Except for images, print the whole listing verbatim.

Data excerpt —
--- START ---

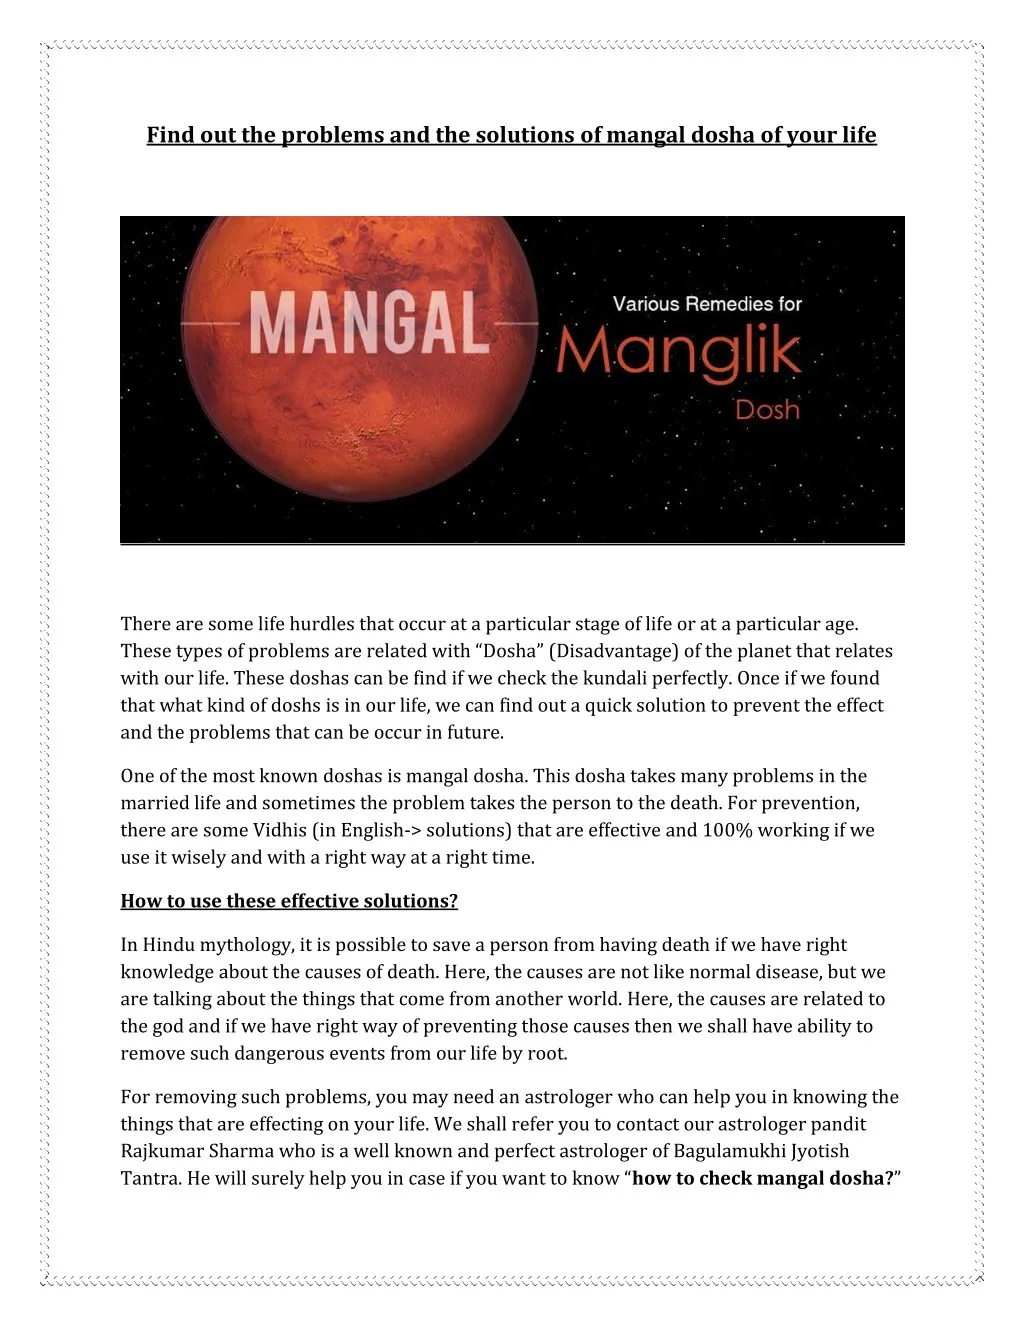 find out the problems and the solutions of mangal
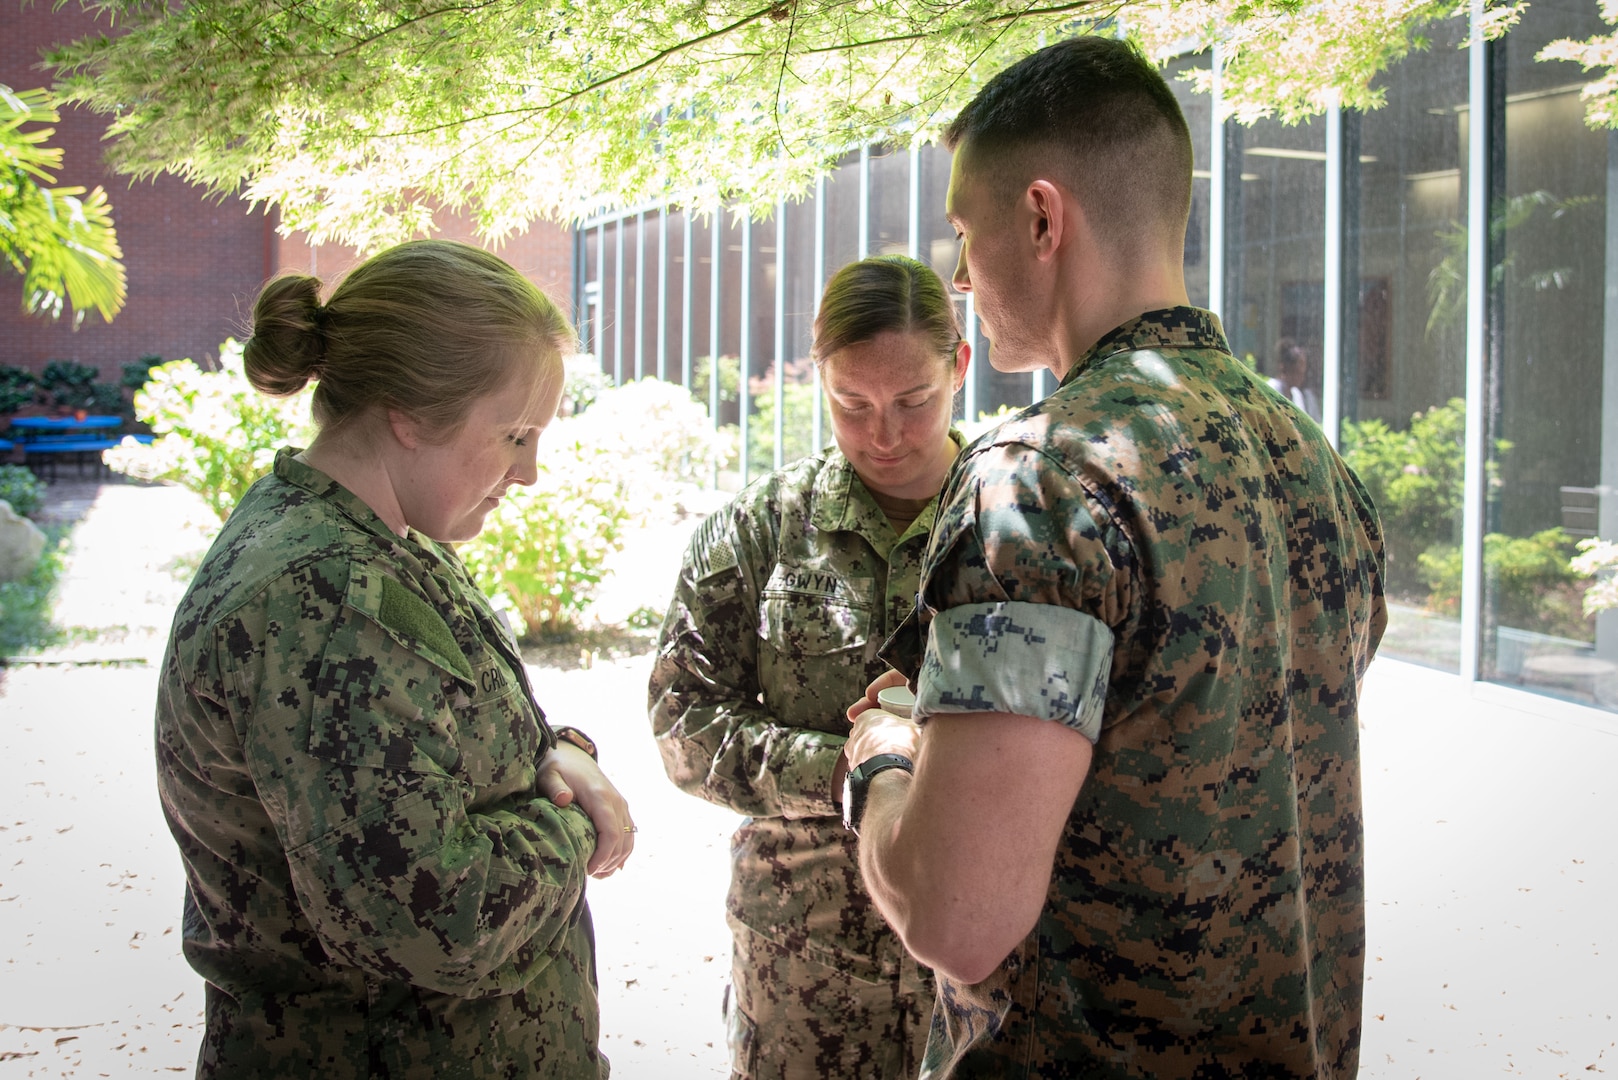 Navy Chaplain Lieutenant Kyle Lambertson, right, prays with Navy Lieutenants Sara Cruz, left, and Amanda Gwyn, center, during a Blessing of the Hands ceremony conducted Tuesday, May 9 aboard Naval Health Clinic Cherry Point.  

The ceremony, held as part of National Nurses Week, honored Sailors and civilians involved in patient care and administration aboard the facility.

--- END ---

Your response —
 find out the problems and the solutions of mangal
 Navy Chaplain Lieutenant Kyle Lambertson, right, prays with Navy Lieutenants Sara Cruz, left, and Amanda Gwyn, center, during a Blessing of the Hands ceremony conducted Tuesday, May 9 aboard Naval Health Clinic Cherry Point.  

The ceremony, held as part of National Nurses Week, honored Sailors and civilians involved in patient care and administration aboard the facility.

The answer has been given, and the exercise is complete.